To feel nature as a poem…
to be a part of that and step into its cycles as much as you can.”
– John Mohawk (1945-2006)
Buddhism
The color of the mountains is the Buddha’s body;
The sound of running water is his great speech.
– Dogen (1200-1253)
“Holy, holy, holy, is the Lord of hosts:
the whole earth is full of his glory.”
– Isiah 6: 1-3
In order to serve God,
one needs access to the enjoyment of the beauties of nature,
such as the contemplation of flower-decorated meadows,
majestic mountains, flowing rivers.
For all these are essential to the spiritual development
of even the holiest people.
– Maimonides (1138-1204)
To remember Allah is to see him everywhere
and to experience his reality as al-Muhit (“everywhere present”)…
To remember Allah as al-muhit is to
remain aware of the sacred quality of nature,
the reality of the natural phenomenon as ayat (“signs”) of Allah and
the environment as an ambiance permeated by divine presence.
– Seyyed Hossein Nasr Spirit and Nature: A Muslim Perspective, p. 89
You will find something greater in woods than in books.
Trees and stones will teach you that which you can never learn from masters.
– Bernard of Clairvaux (1090-1153)
Find tongues in trees, books in the running brooks,
Sermons in stone, and good in everything.

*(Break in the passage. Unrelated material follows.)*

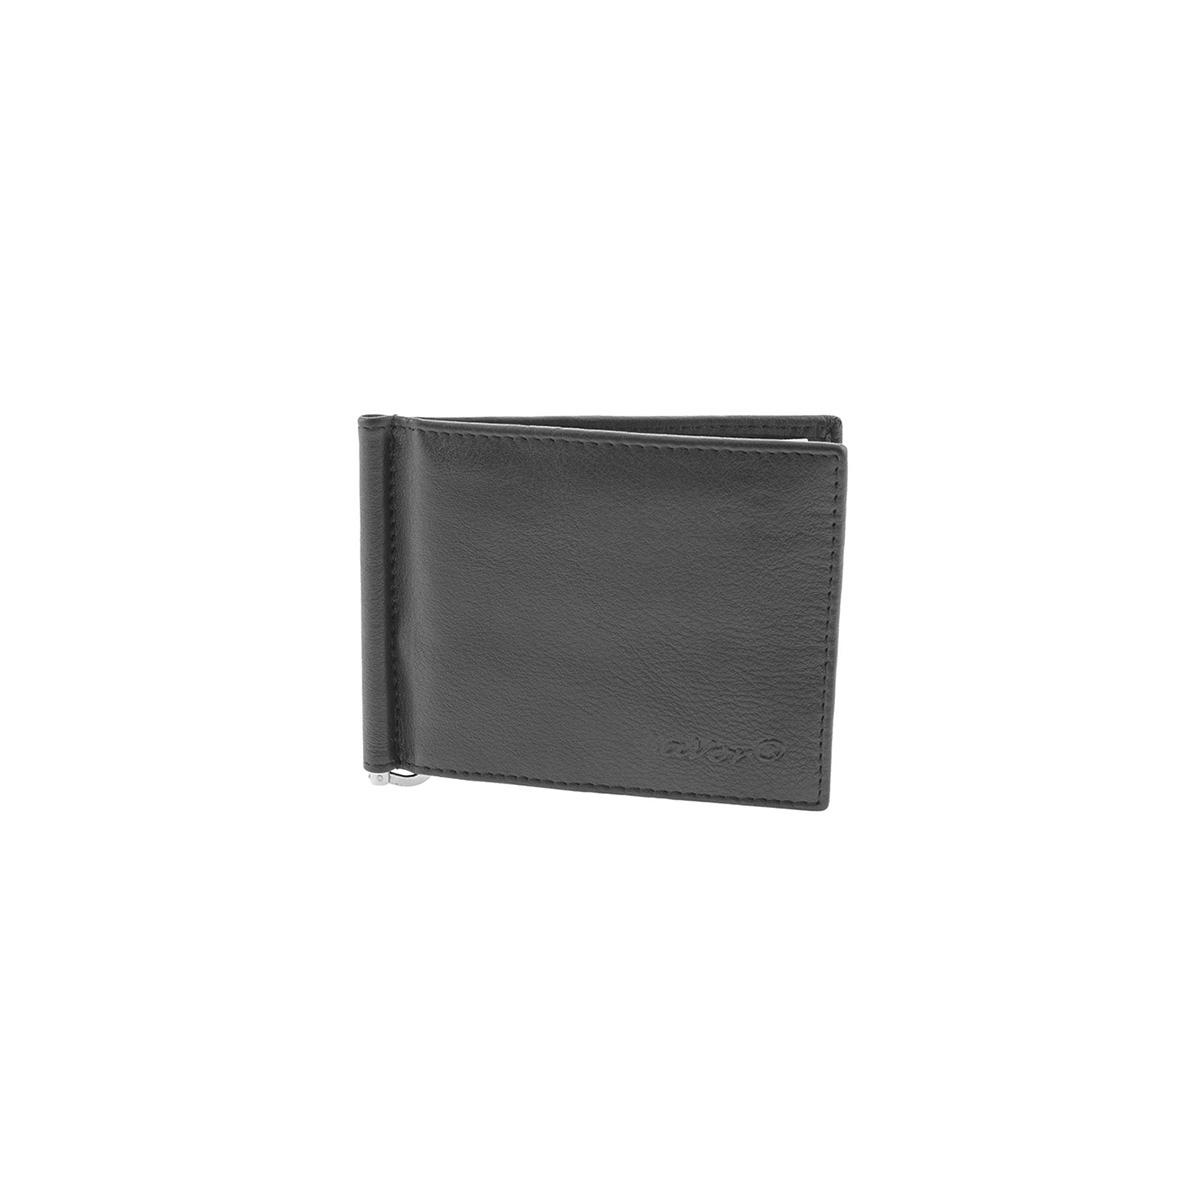 Δερμάτινο Πορτοφόλι Μικρό Με Κλιπ-Έλασμα Χρημάτων Lavor RFID 7409 ... 654dae630ed

– Shakespeare, As You Like It
When your tongue is silent, you can rest in the silence of the forest.
When your imagination is silent, the forest speaks to you,
and tells you of the Reality of God.
But when your mind is silent,
then the forest suddenly blazes transparently
with the Reality of God.
– Thomas Merton
One has to be alone, under the sky,
Before everything falls into place and
One finds his own place in the midst of it all.
– Thomas Merton
Eastern Christianity looks on the world as one great organism;
they approach the divine manifestations of life
as an expression of the same reality.
The Eastern church does not think about salvation
in terms of the individual soul returning to the Maker;
it is visualized rather as a gradual process
of transfiguration of the whole cosmos…
Humans are saved,
not from the world, but with the world.